• INPUT DATA:
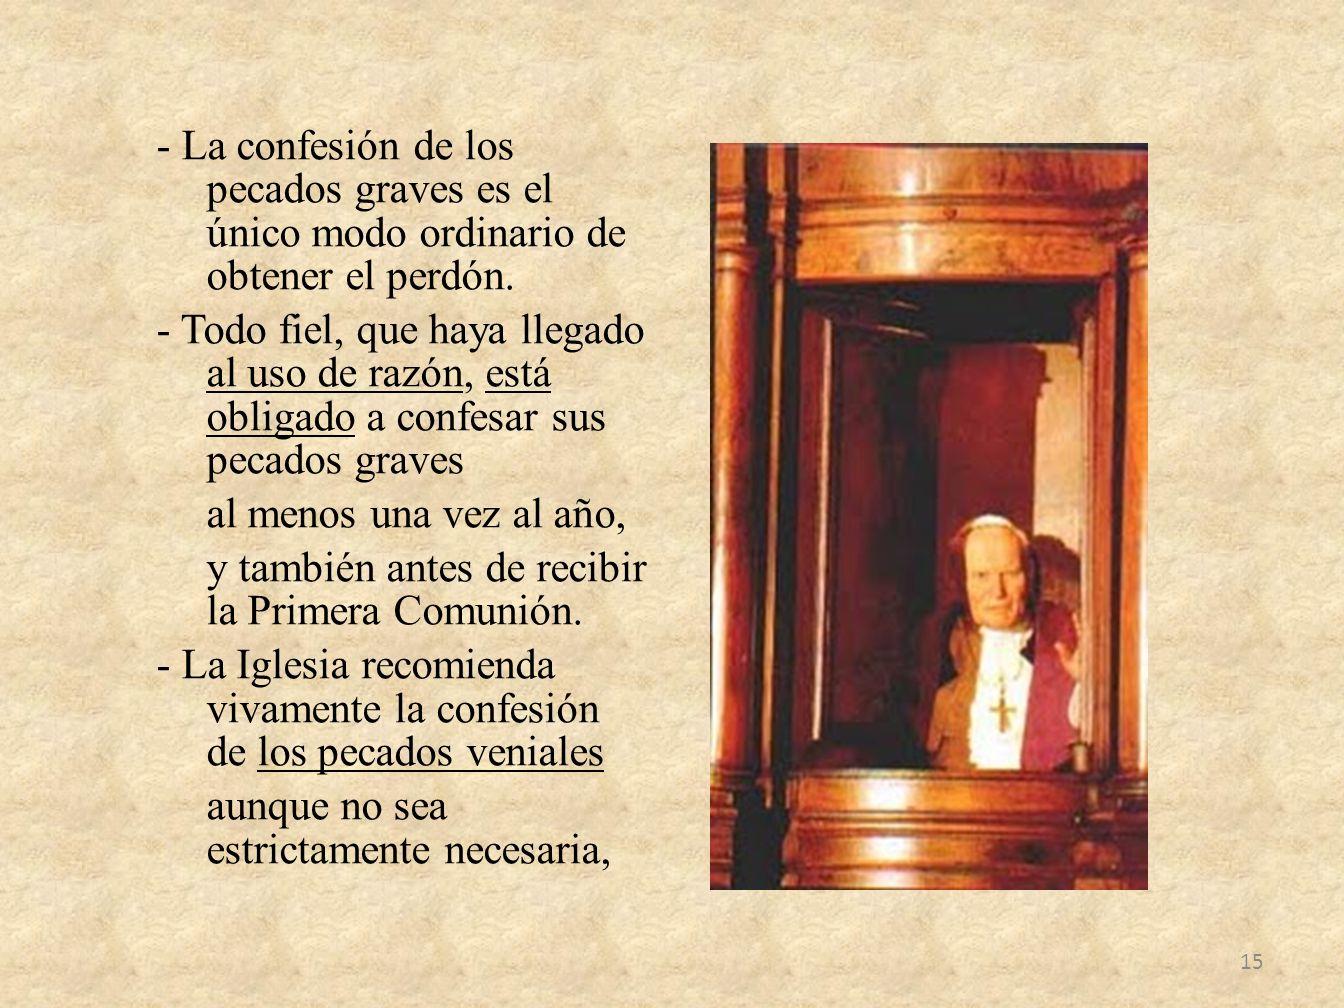 - La confesión de los pecados graves es el único modo ordinario de obtener el perdón.
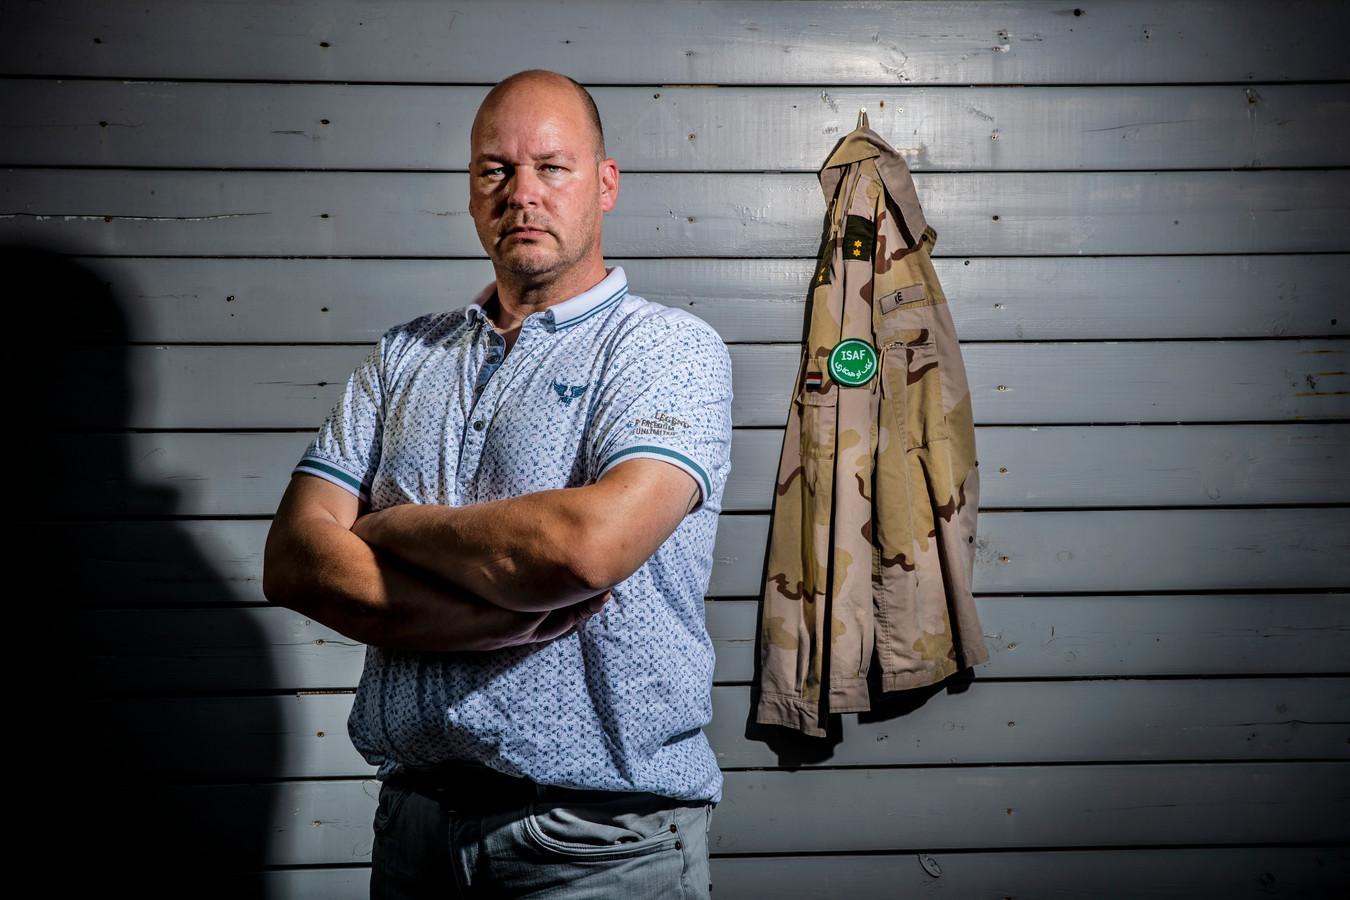 """Erik Krikke (44) uit Steenwijk verwerkt zijn trauma's uit Afghanistan door muziek te maken met zijn band 7even Bridges. Hun nieuwe album A Million Voices komt op 10 september uit. ,,Het is heel dubbel."""""""
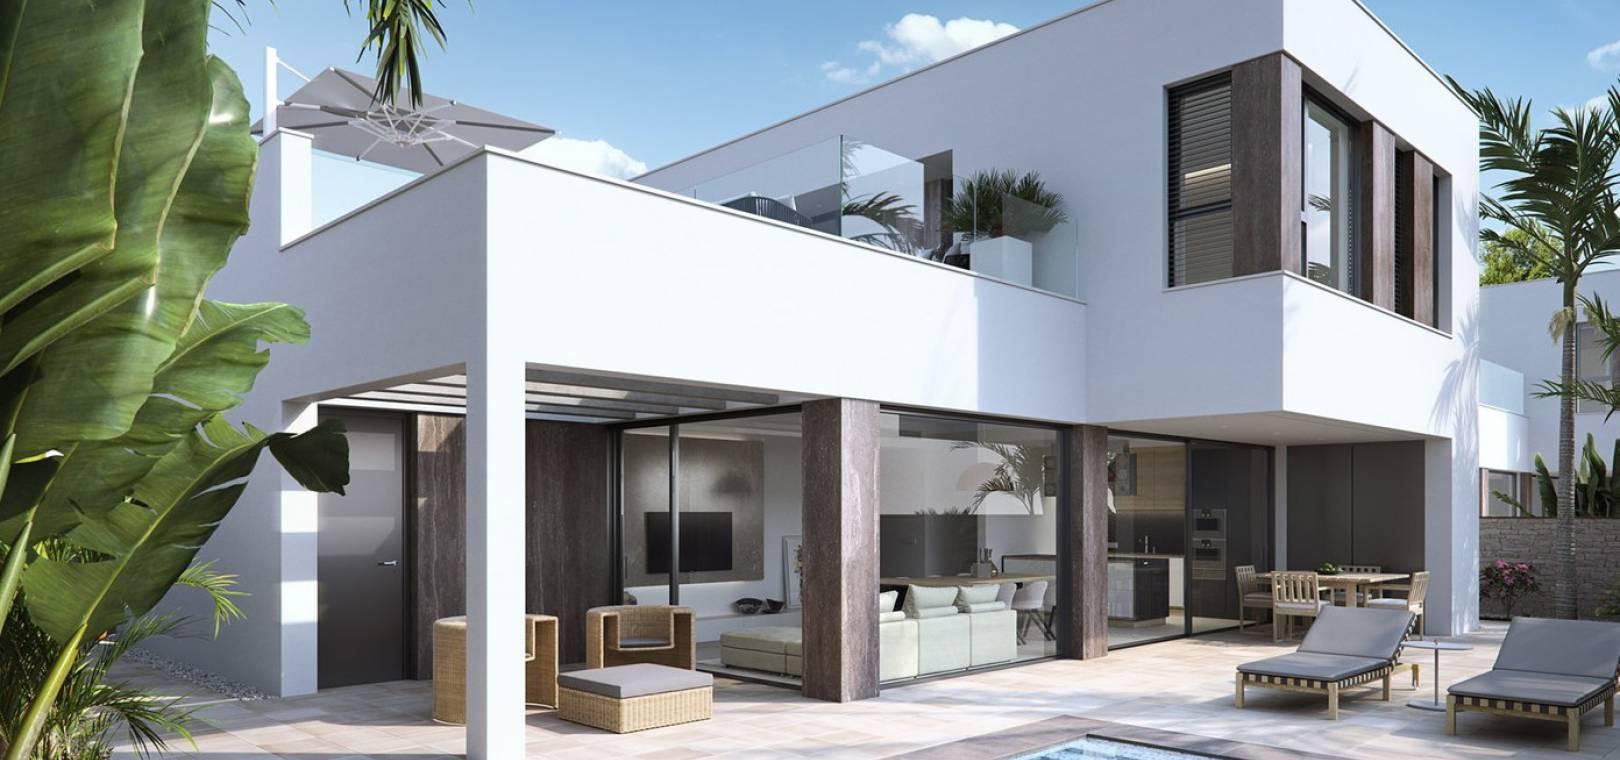 Torre_de_la_Horadada_New_Build_Luxury_Villas_For_Sale_nsp257_27
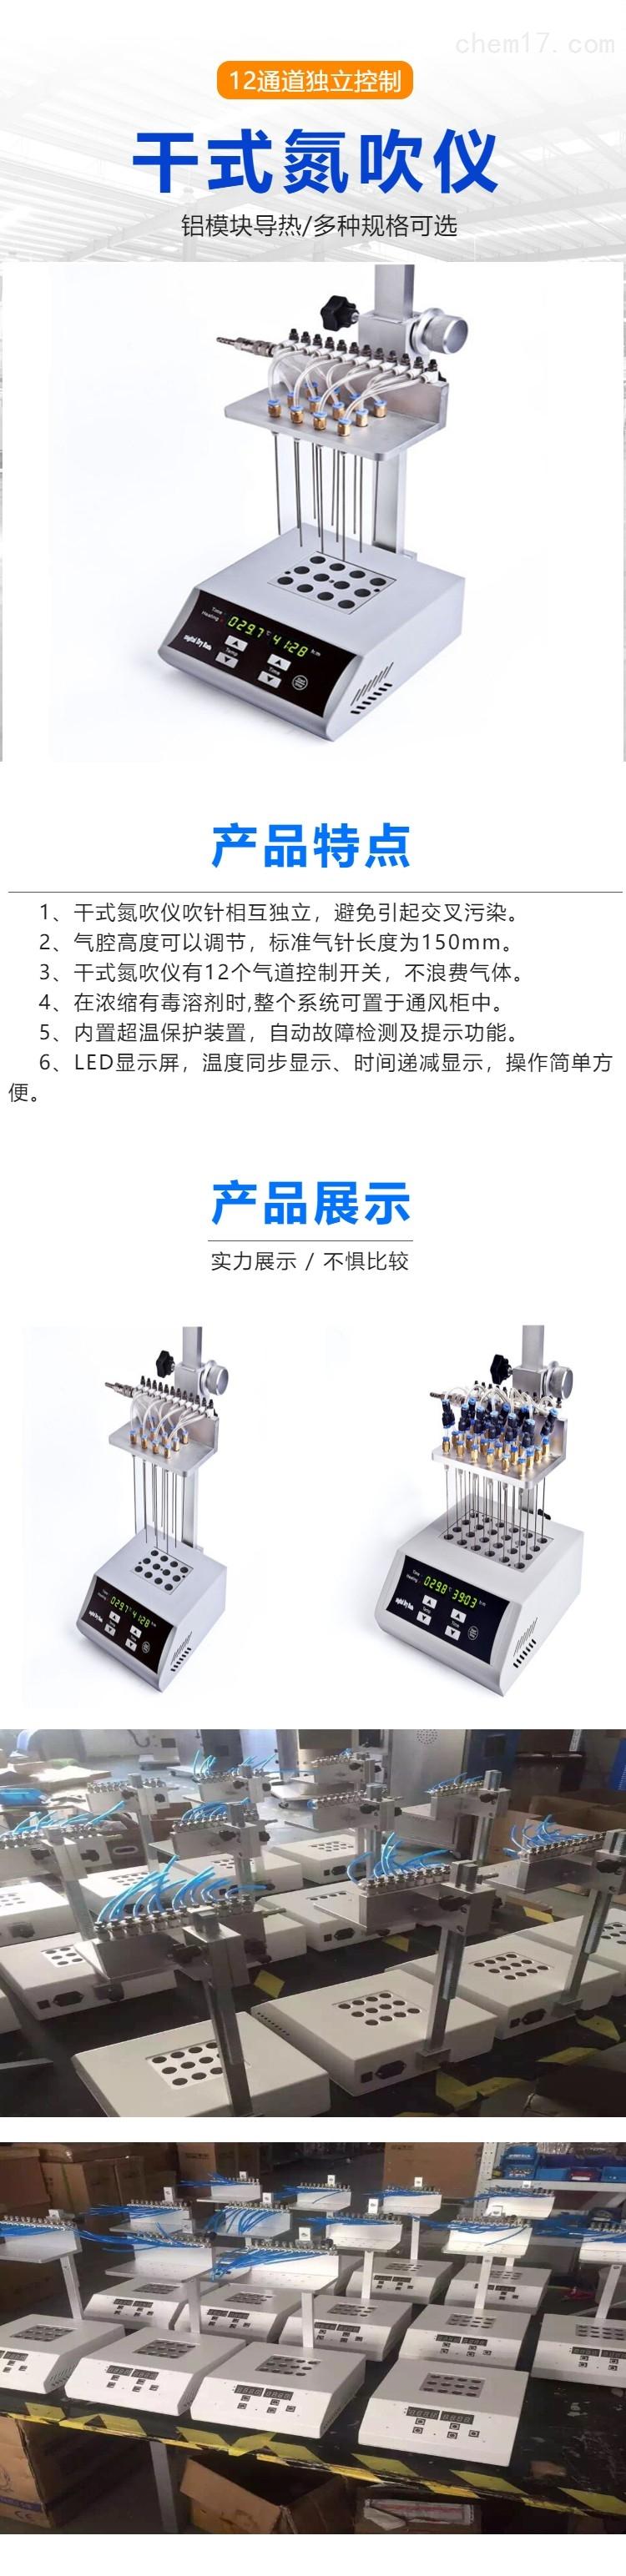 干式氮吹仪Y.jpg
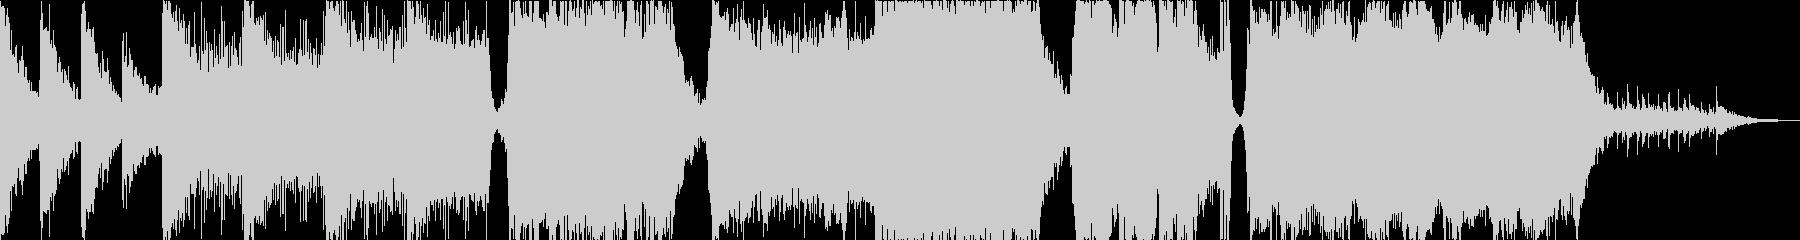 ハイブリッドオーケストラ トレイラーの未再生の波形
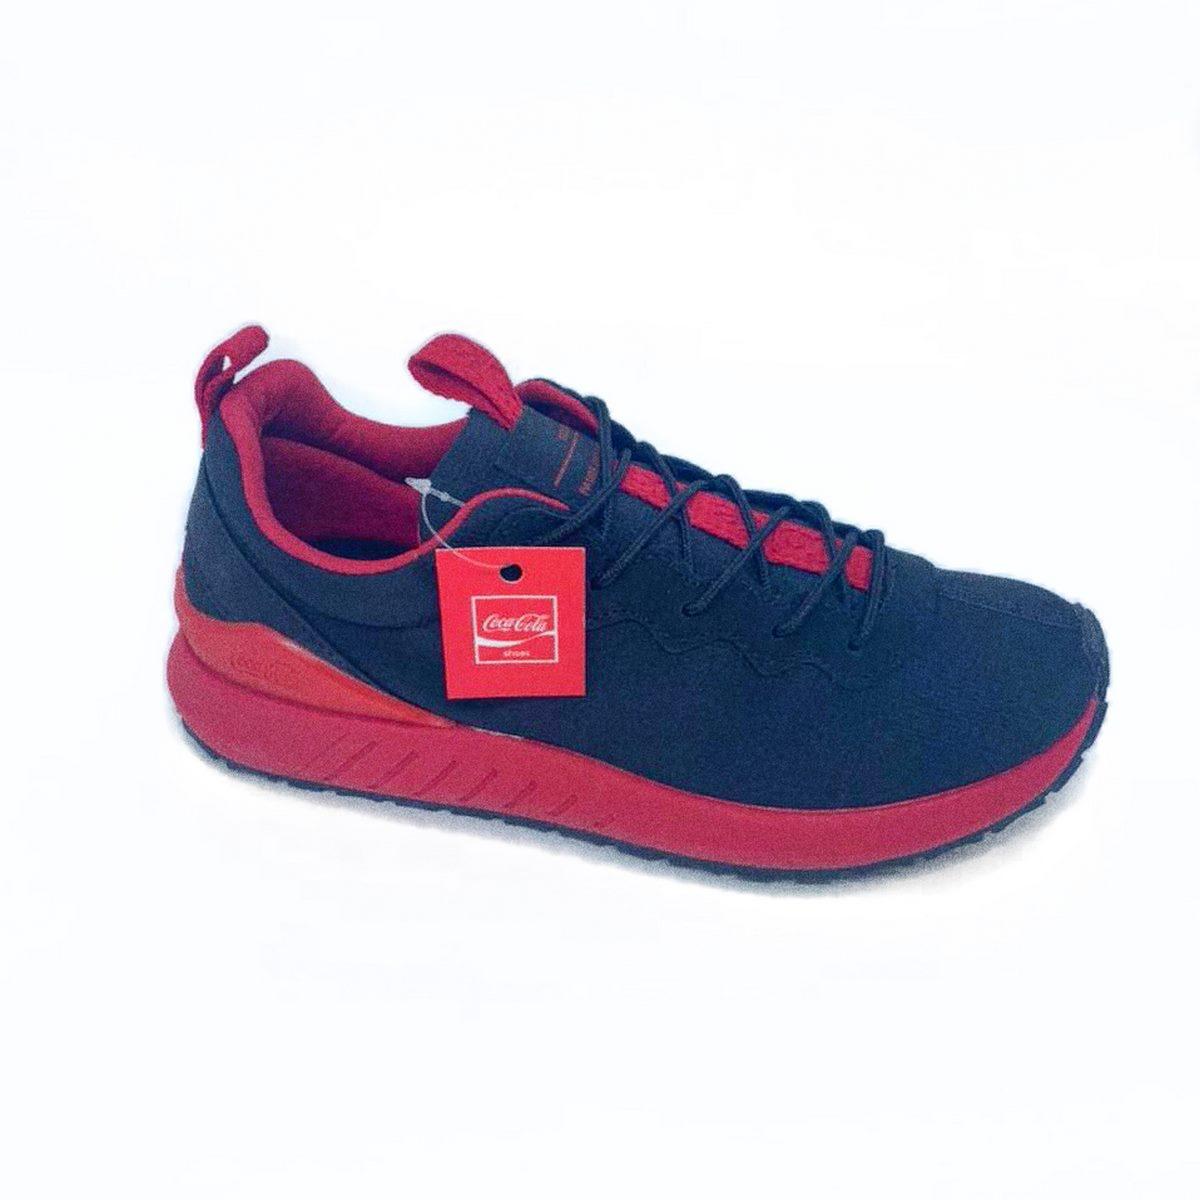 Tênis Coca-Cola Space Shoes Preto/Vermelho

• DIRECTIONS FOR THIS TASK: Reproduce exactly, with nothing added, the lines from the line with "Torre_de_la_Horadada_New_Build_Luxury_Villas_For_Sale_nsp257_27" through the end of the entries above; pictures are to be left out.

• SOLUTION BELOW:
 Torre_de_la_Horadada_New_Build_Luxury_Villas_For_Sale_nsp257_27
 干式氮吹仪Y.jpg
 ハイブリッドオーケストラ トレイラーの未再生の波形
 Tênis Coca-Cola Space Shoes Preto/Vermelho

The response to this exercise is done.